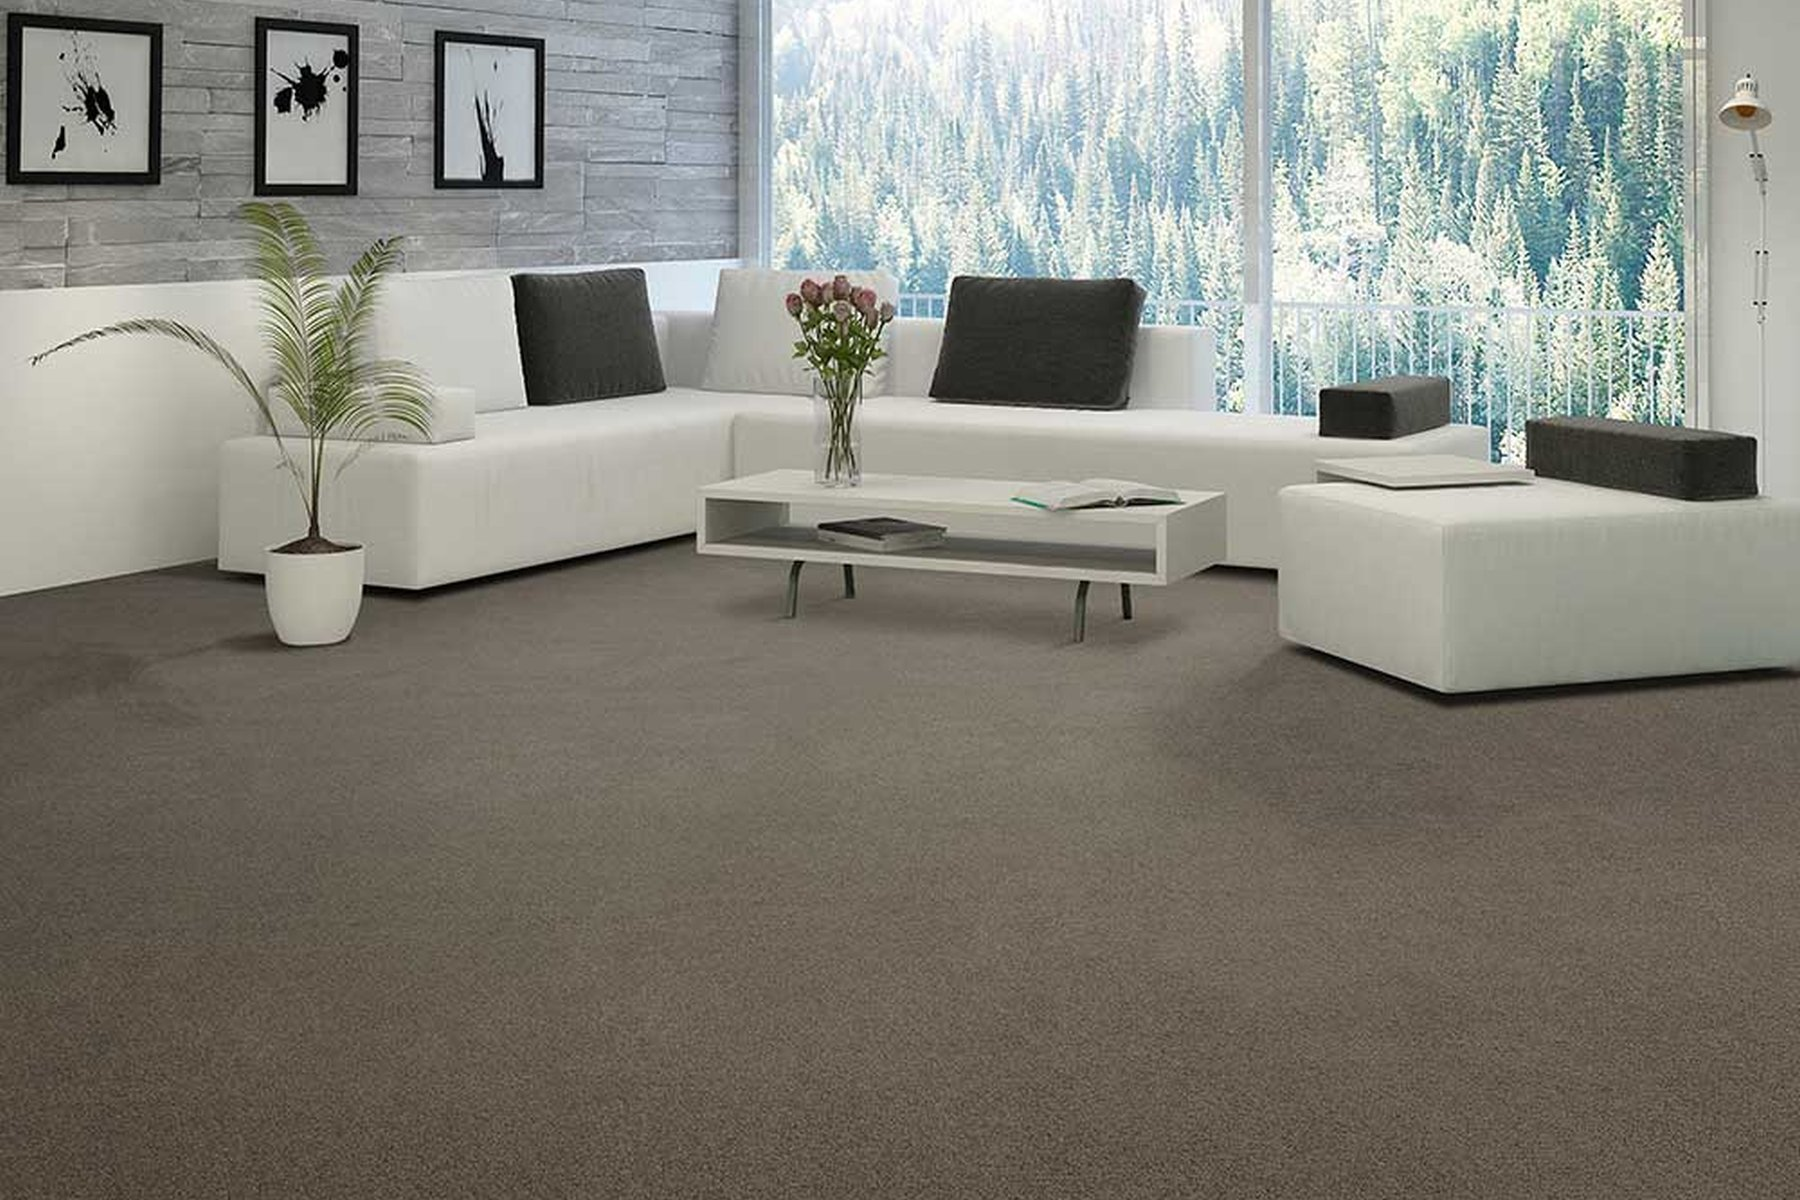 Belakos tapijt den haag
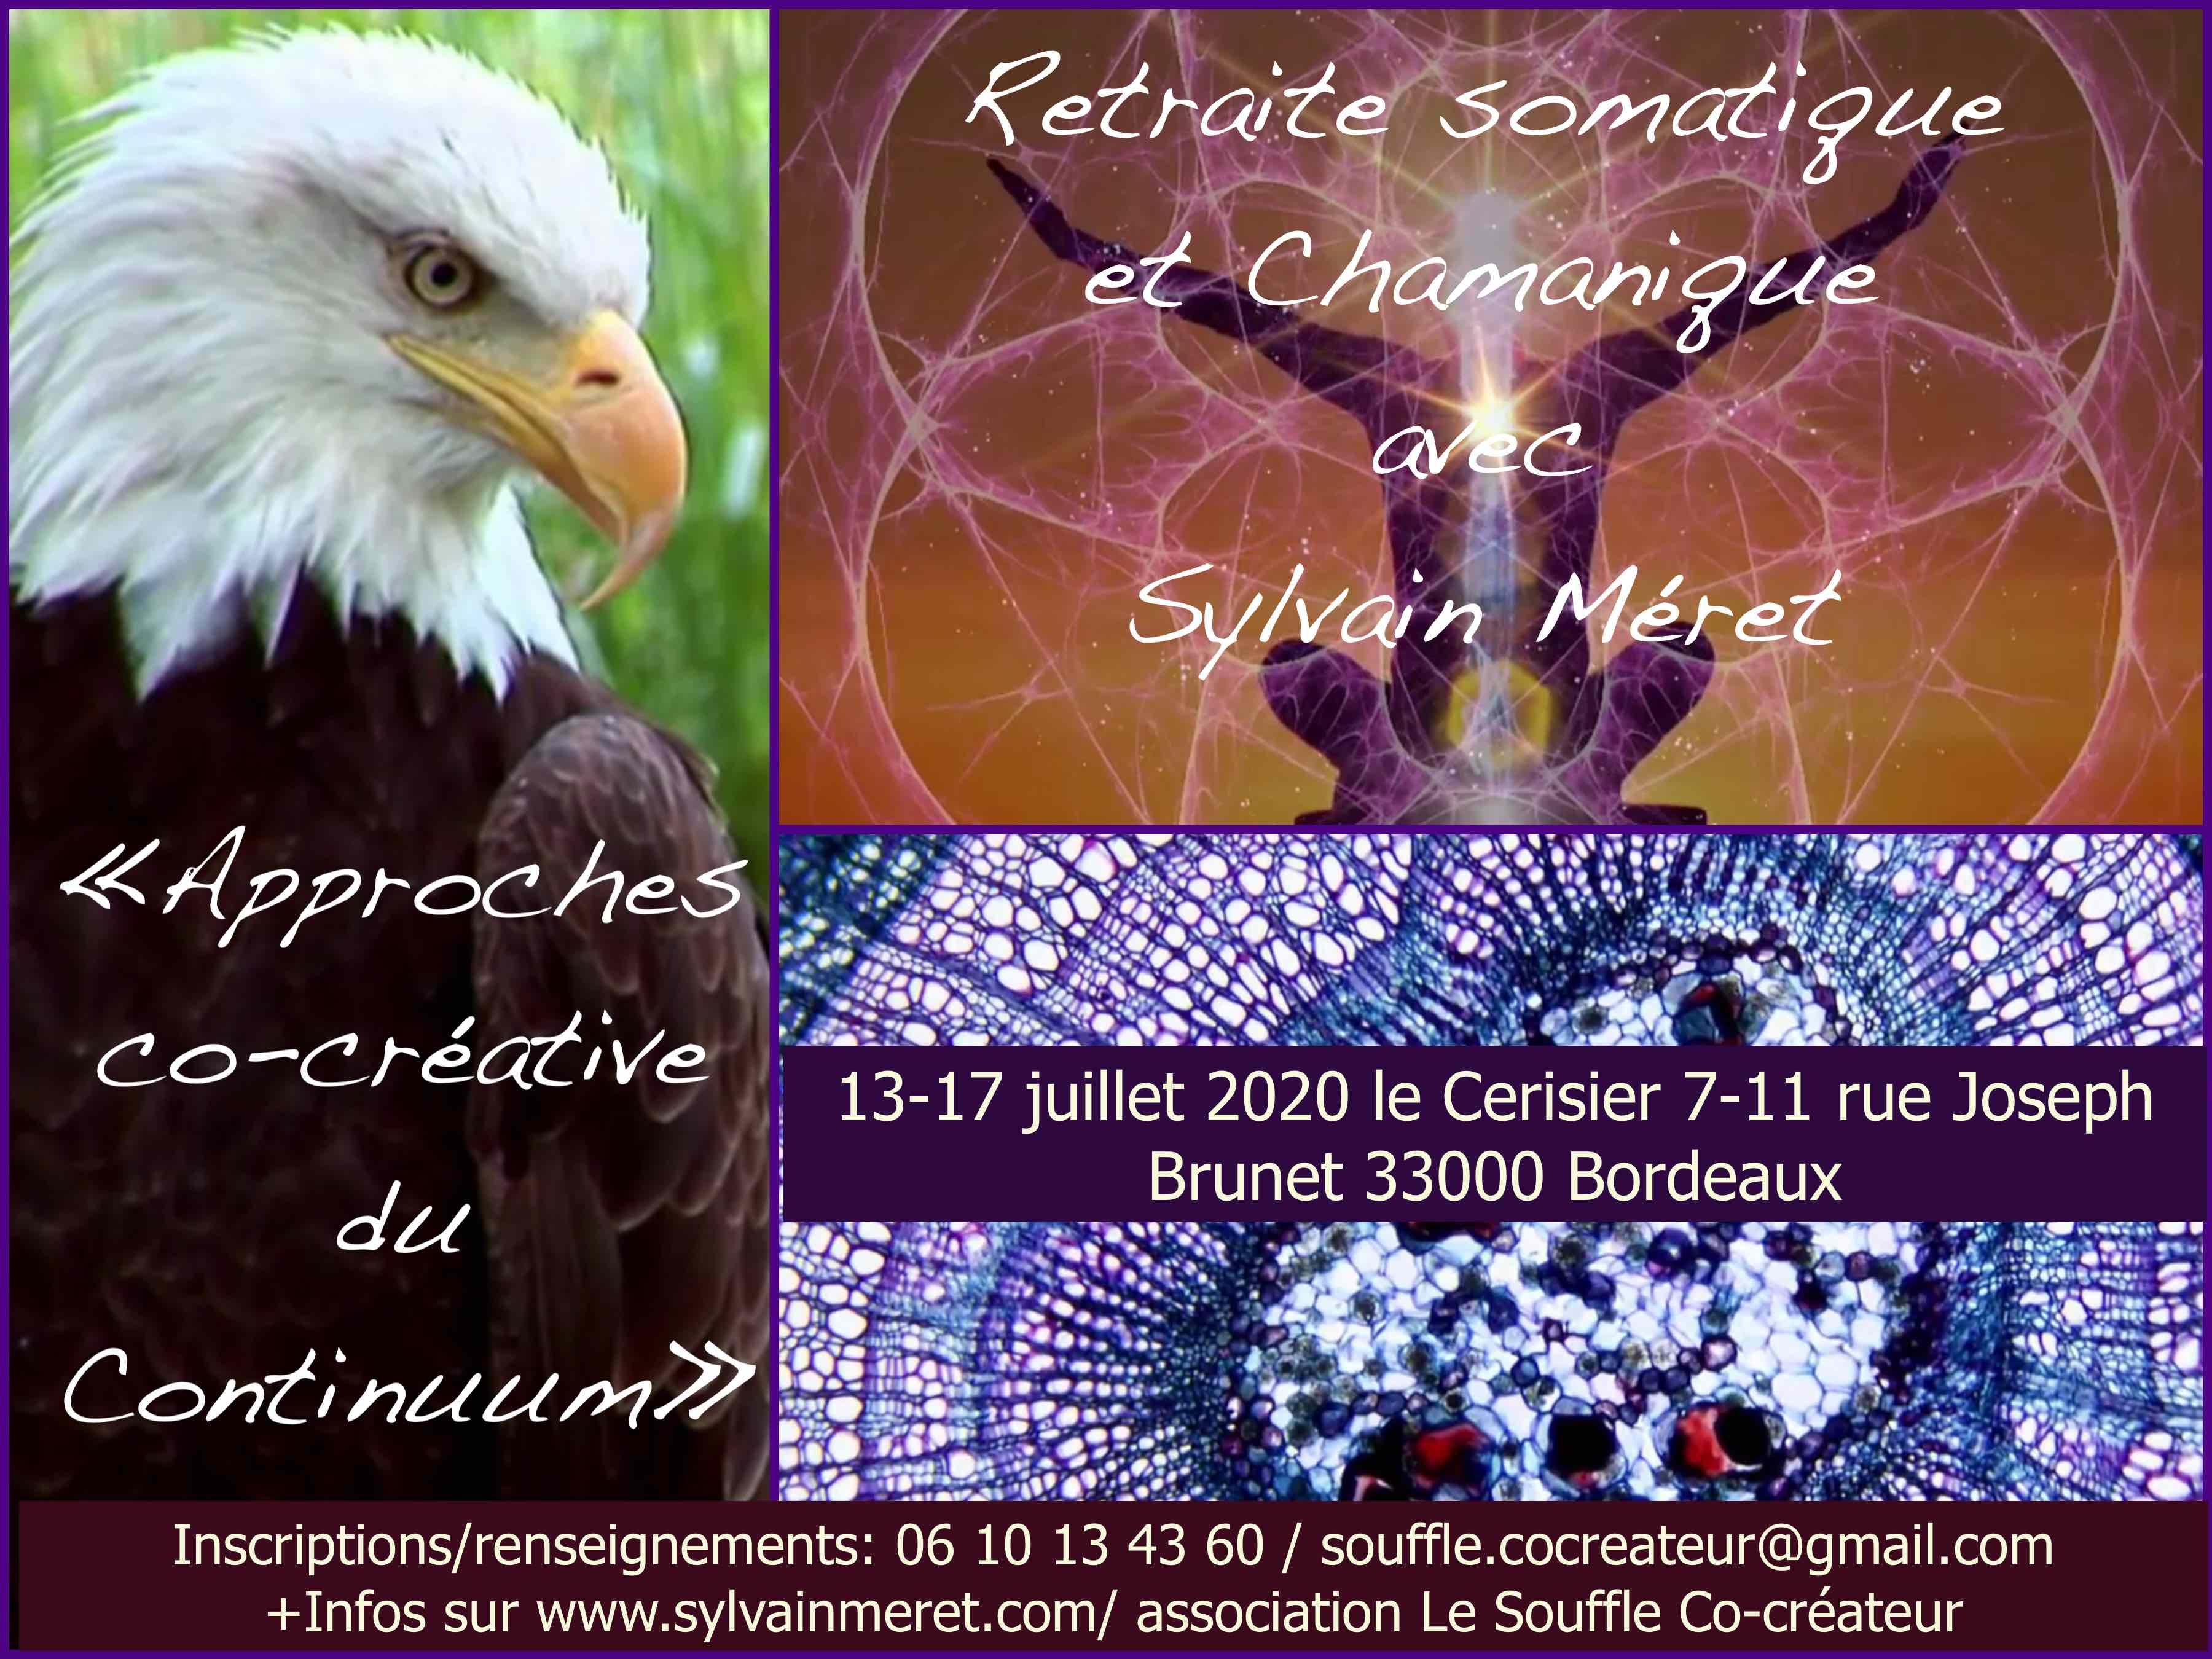 cocreative continuum juillet 2020 flyer
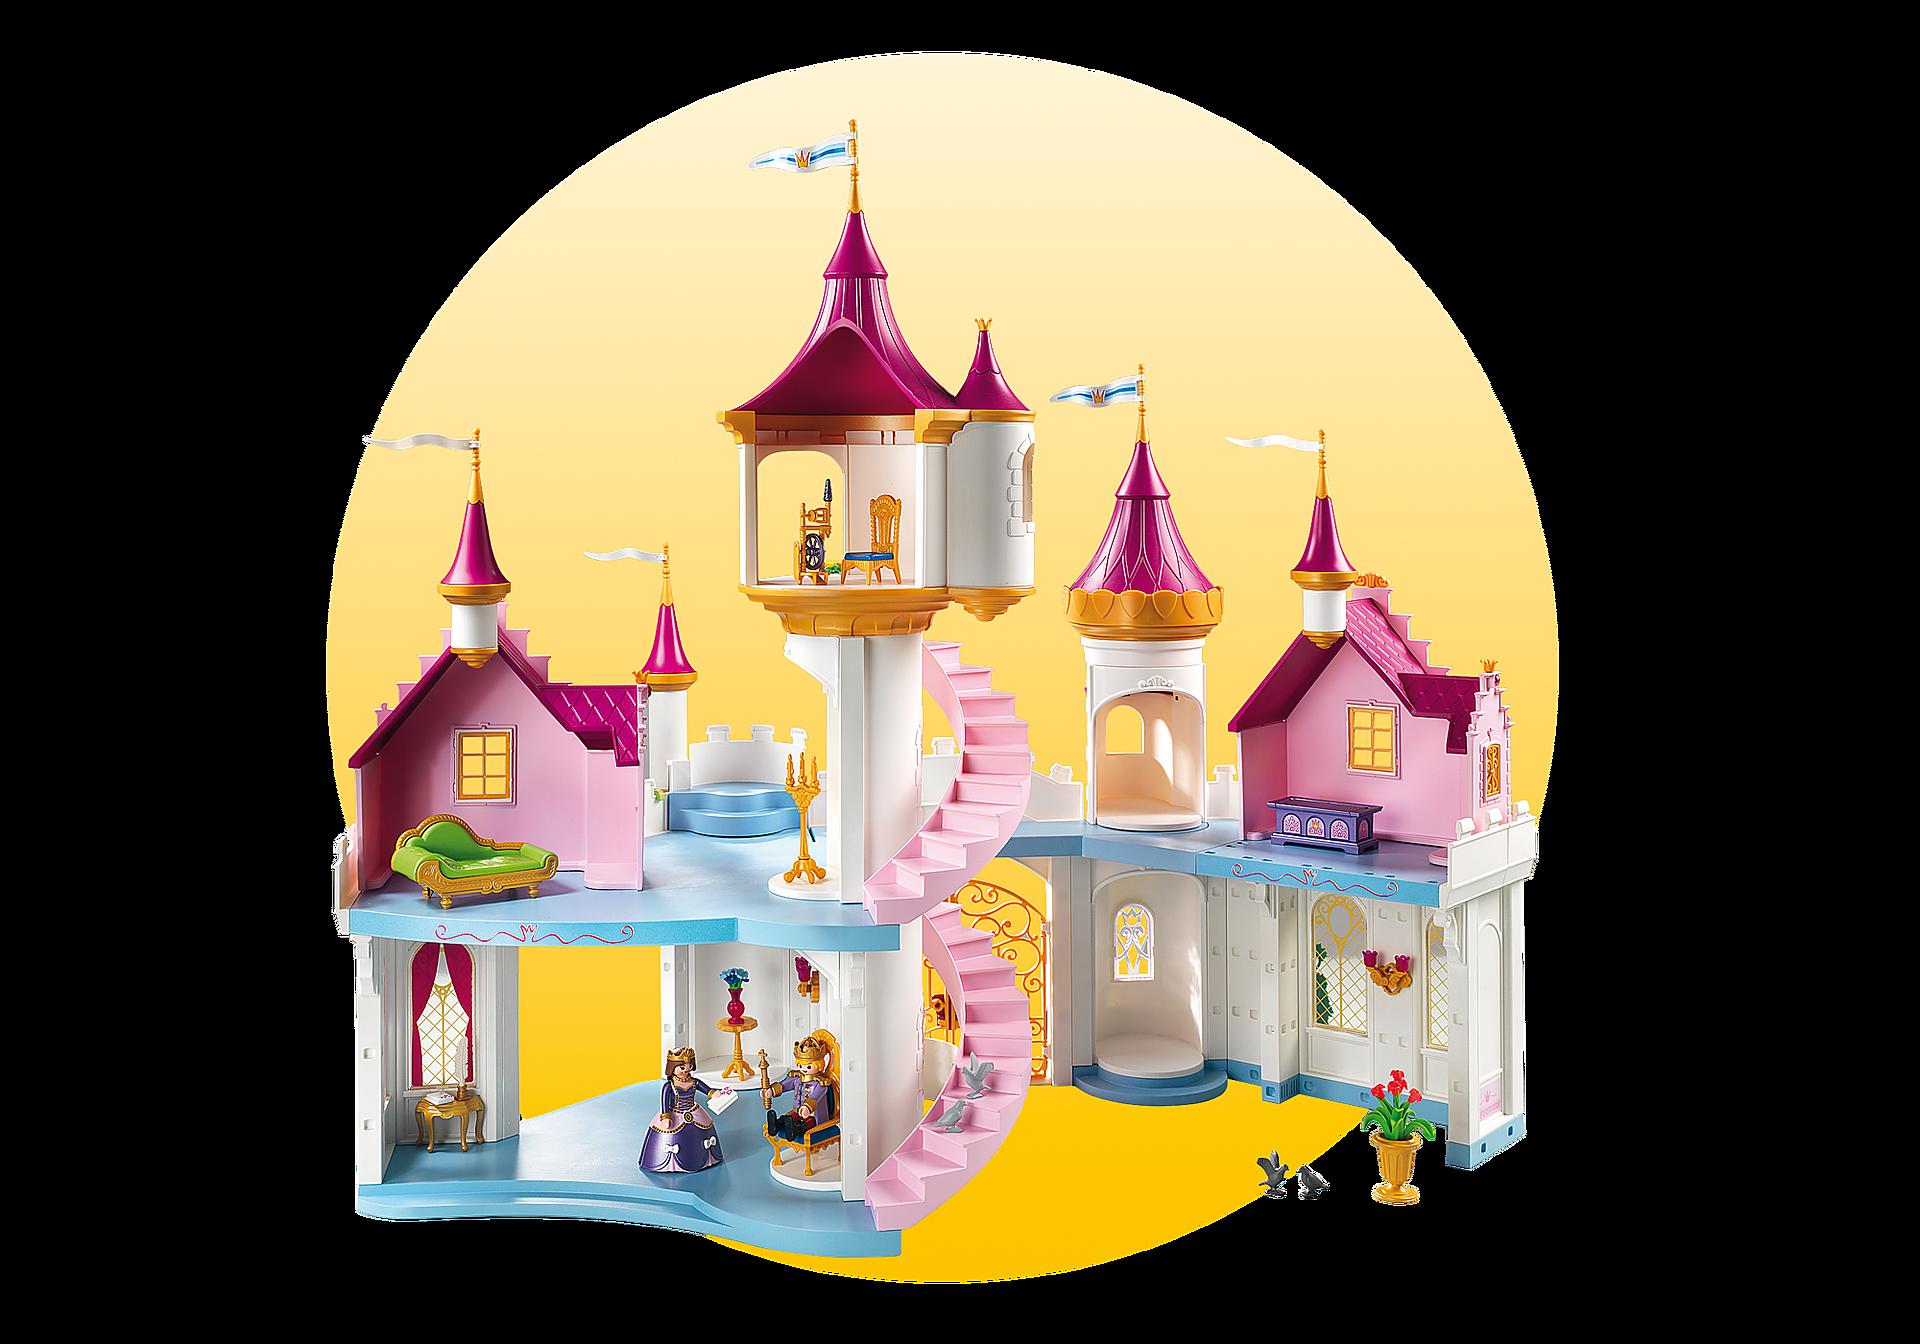 http://media.playmobil.com/i/playmobil/6848_product_extra4/Замок Принцессы: Большой Замок Принцессы

(What is being asked): In the copy, include exactly the lines from the one with "cocreative continuum juillet 2020 flyer" through the final line of the data, both ends included, and no pictures.

(Solution for this task):
 cocreative continuum juillet 2020 flyer
 http://media.playmobil.com/i/playmobil/6848_product_extra4/Замок Принцессы: Большой Замок Принцессы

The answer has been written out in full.